Re: Camoin Bicentennial?
Mari_Hoshizaki said:
I don't know if I'm confused or this is right:
Jane Lyle's set compared to the Bicentennial:
http://www.tarotpassages.com/TarotSet-mf.htm
Our thread discussing Jane Lyle's set with link to above review.
http://www.tarotforum.net/showthread.php?s=&threadid=16259&highlight=camoin+bicentennial
You'll notice that Filpas has nicely compared the two of Pentacles with 1760 date.
Hope this helps
Mari H.
Thanks for those links Mari. I would love to have the Bicentennial, but I haven't found it yet. Why haven't I ordered one? Probably hoping to find one in a shop, like I did with the Vanderborre and the Besançon reproductions.
According to Depaulis' discussion of the Conver in the Bibliothèque nationale ("Tarot: jeu et magie" (1984), cat. 41, pp. 72-73), he notes the cards' dimensions as 120mm x 64mm. I'm taking that to mean the physical edge of the card, not the image border.
The Héron is clearly smaller than the original.
The Lo Scarabeo is 120mm x 66mm, so they've widened it a little. Comparining with those in Mark's review
http://www.tarotpassages.com/TarotSet-mf.htm
I see that the others are exactly the same size, when Thunder Bay Presses huge extra frame is taken away.
So many pros and cons!
Héron - complete, authentic coloured, but smaller than actual size and heavily laminated, and the green is so dark it looks black.

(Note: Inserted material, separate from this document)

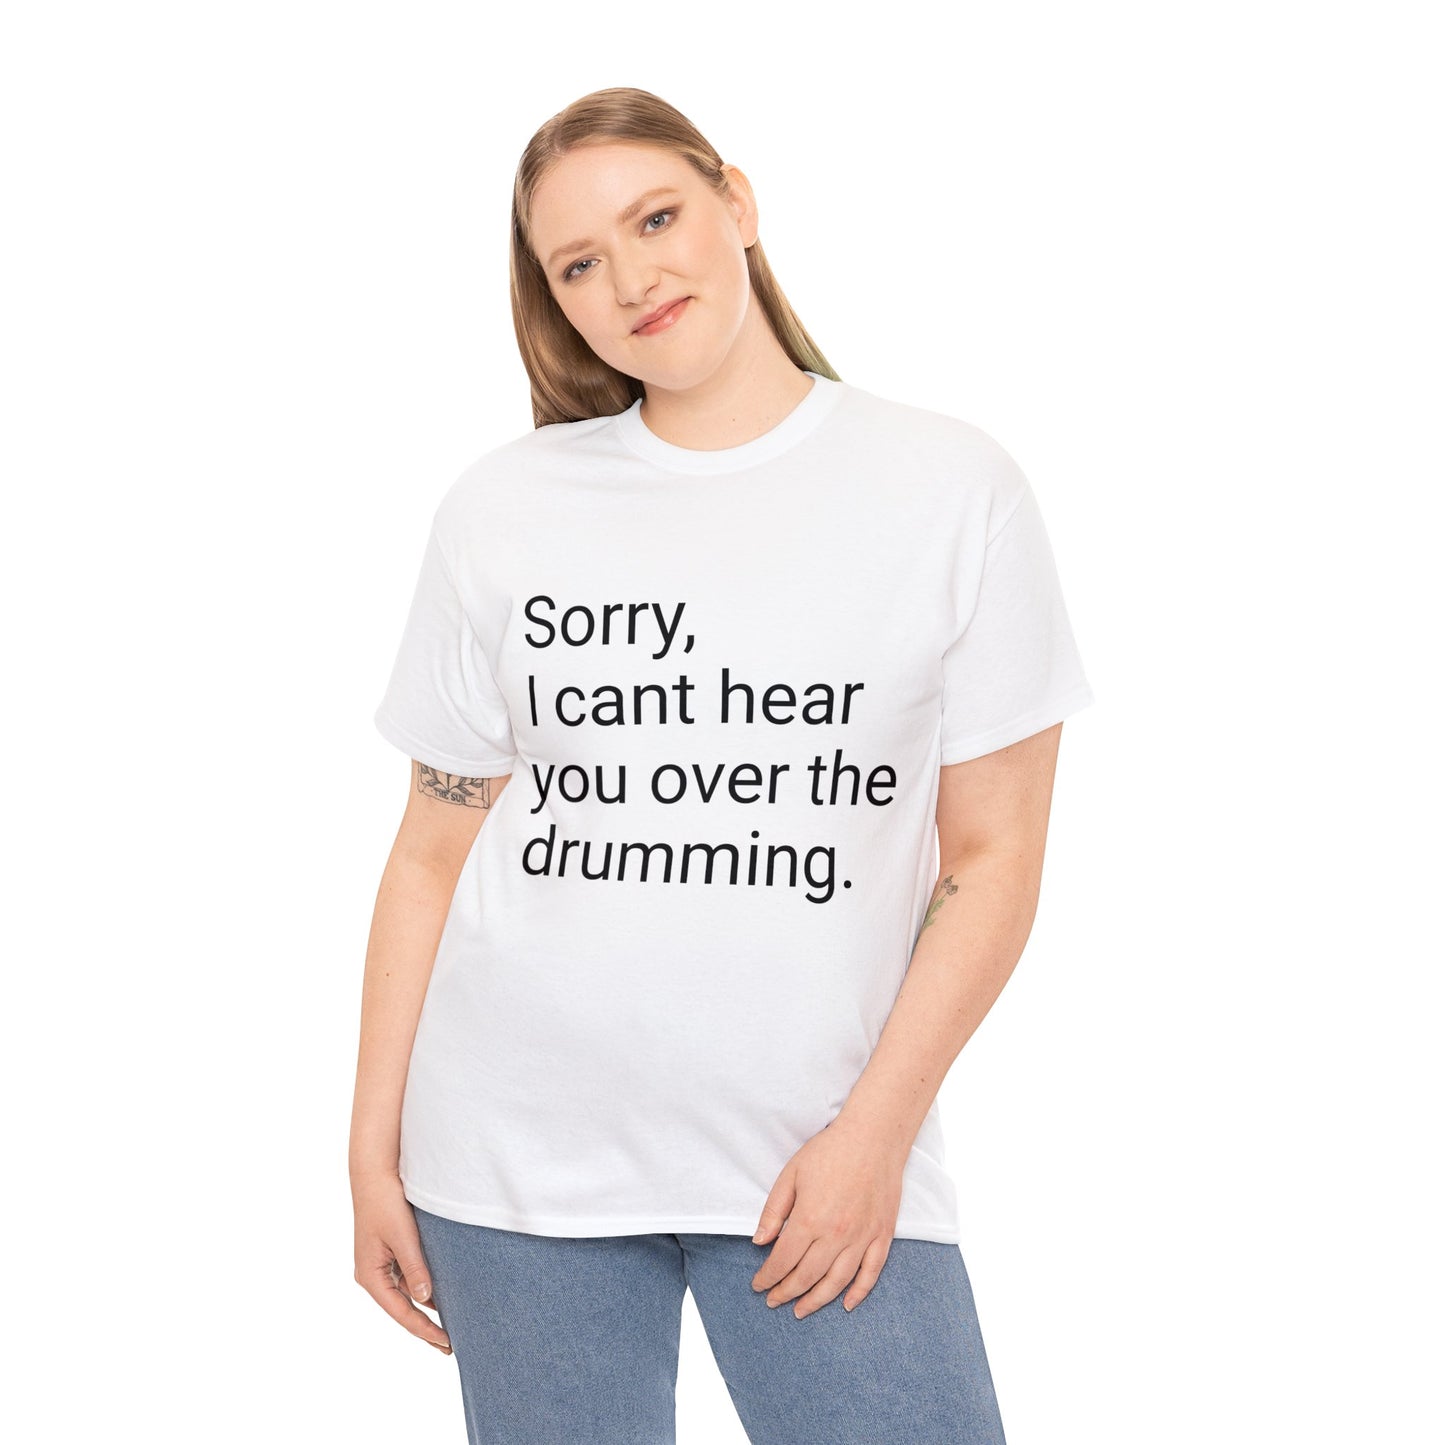 Sorry, I Can't Hear You Over the Drums T-Shirt

Lo Scarabeo - real size, beautiful colouring, but incomplete (alas!). Also, not exactly a facsimile, since it too is sligtly laminated.

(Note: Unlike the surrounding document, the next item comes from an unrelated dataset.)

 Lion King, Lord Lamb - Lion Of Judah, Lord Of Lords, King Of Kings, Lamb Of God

Bicentennial - real size, but wrong colours. On the other hand, it is exactly the kind of deck you would have played around 1860 - no lamination, square cut edges (maybe some makers rounded them, I don't know for sure).
Thunder Bay Press - real size, but those huge margin/frames take you away from the cards, and it must be laminated heavily.